Department of Atmospheric and Oceanic Sciences and Department of Chemistry, McGill University, 805 Sherbrooke Street West, Montreal, QC, CanadaH3A 0B9.
Phys Chem Chem Phys. 2018 Jun 27;20(25):17038-17047. doi: 10.1039/c8cp02966k.
A quantitative understanding of light scattering by small homogeneous particles requires accurate knowledge of particle geometry and complex refractive index, m = n + ik. In weakly absorbing particles, k can be on the order of 10-9, which is well below the detection limit of almost all light scattering based instruments. Here, we describe a dual-beam optical trap that can simultaneously determine n, k, and the radius, s, of weakly absorbing aerosol particles. We utilize cavity-enhanced Raman scattering to determine n and s and electromagnetic heating from the trapping laser itself to determine k. The relationship between particle size, the trapping cell conditions, the parameters of the trapping laser, and electromagnetic heating is thoroughly discussed and it is shown that the proper choice of a light scattering model is necessary to retrieve accurate values of k when fitting measurements. The phenomenon of optical multistability and its connection to thermal locking and thermal jumping is investigated through both modeling and measurements as understanding this behavior is essential when interpreting results from electromagnetic heating experiments. Measurements are made on three different atmospheric aerosol model systems and k as low as 5.91 × 10-9 are found.
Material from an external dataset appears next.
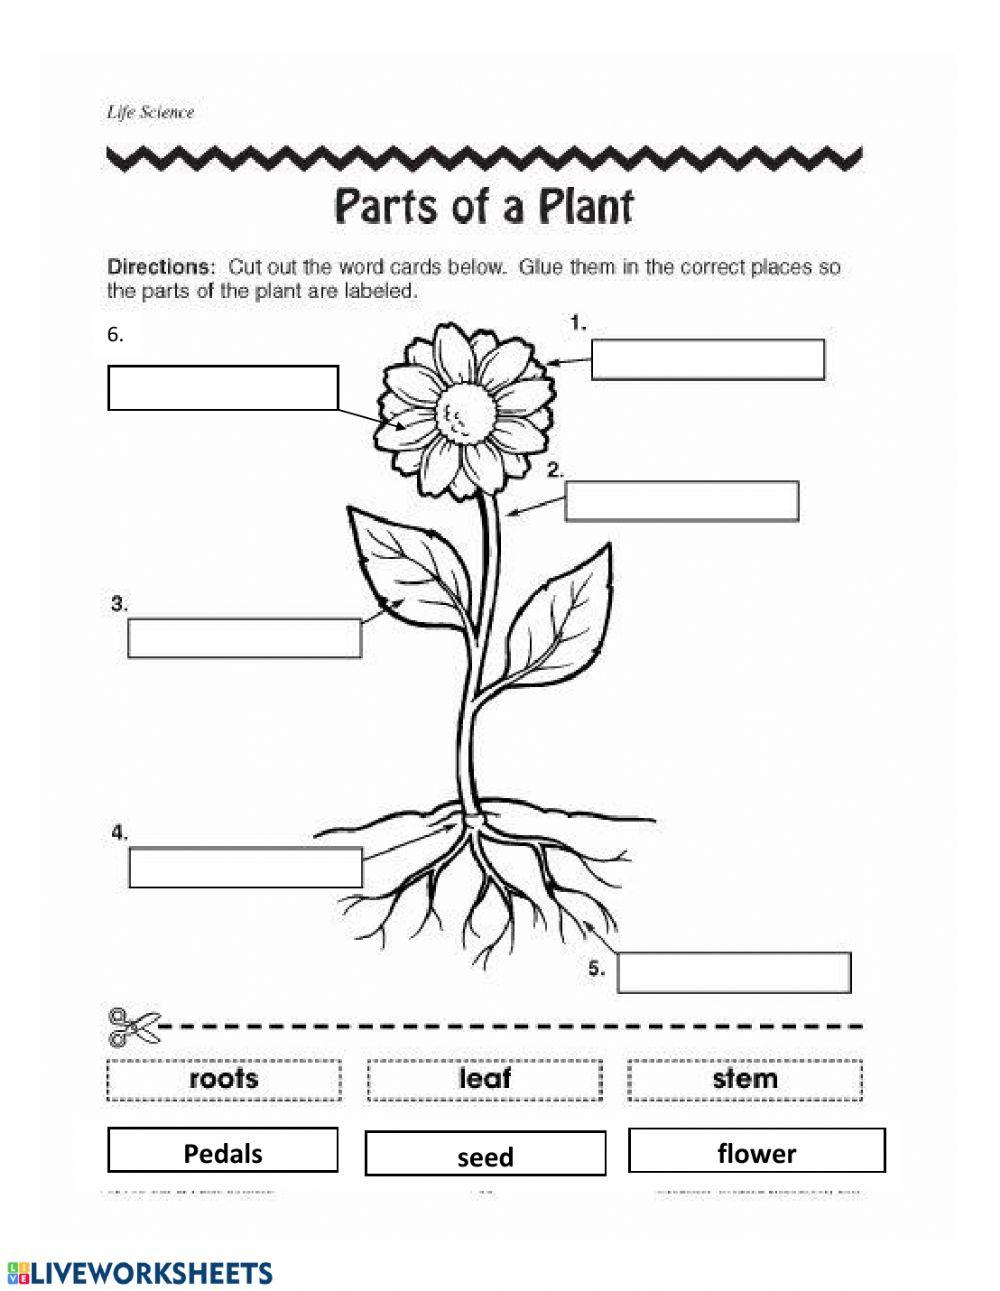 What a plant needs and parts of a plant
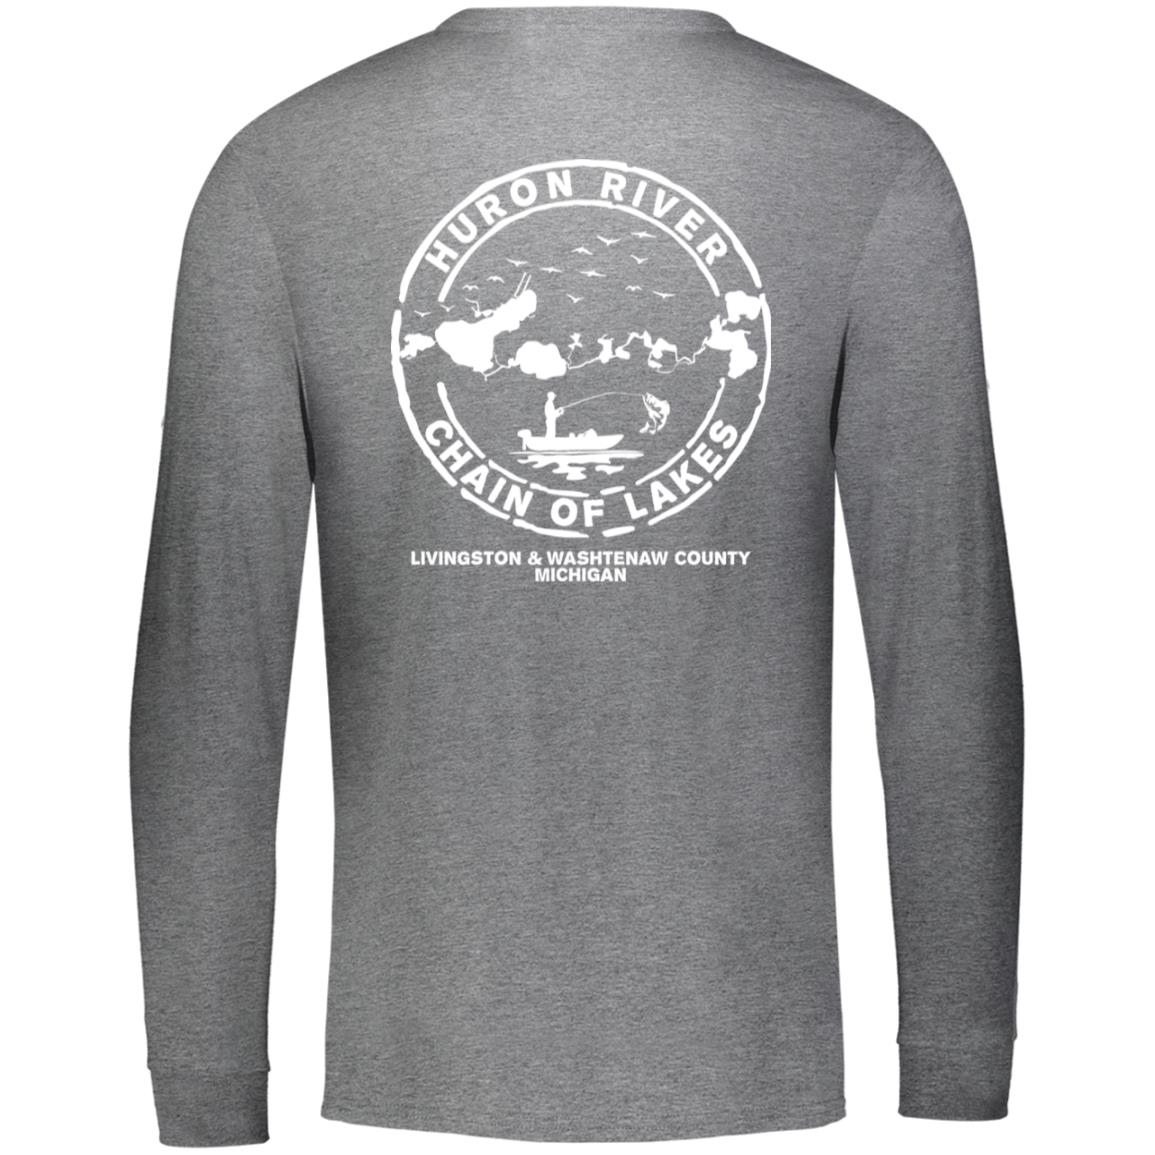 HRCL FL - More Fun To Put In Than Pull Out - 2 Sided 64LTTM Essential Dri-Power Long Sleeve Tee

定量理解小均一粒子的光散射需要准确了解粒子的几何形状和复折射率 m=n+ik。在弱吸收粒子中,k 可以在 10-9 的量级,这远低于几乎所有基于光散射的仪器的检测极限。在这里,我们描述了一种双光束光阱,它可以同时确定弱吸收气溶胶粒子的 n、k 和半径 s。我们利用腔增强拉曼散射来确定 n 和 s,利用光阱激光本身的电磁加热来确定 k。详细讨论了粒子尺寸、阱室条件、光阱激光参数与电磁加热之间的关系,并表明在拟合测量值时,选择合适的光散射模型对于获得准确的 k 值是必要的。通过建模和测量研究了光的多稳定性现象及其与热锁定和热跃变的关系,因为在解释电磁加热实验结果时理解这种行为是至关重要的。在三个不同的大气气溶胶模型系统上进行了测量,发现 k 低至 5.91×10-9。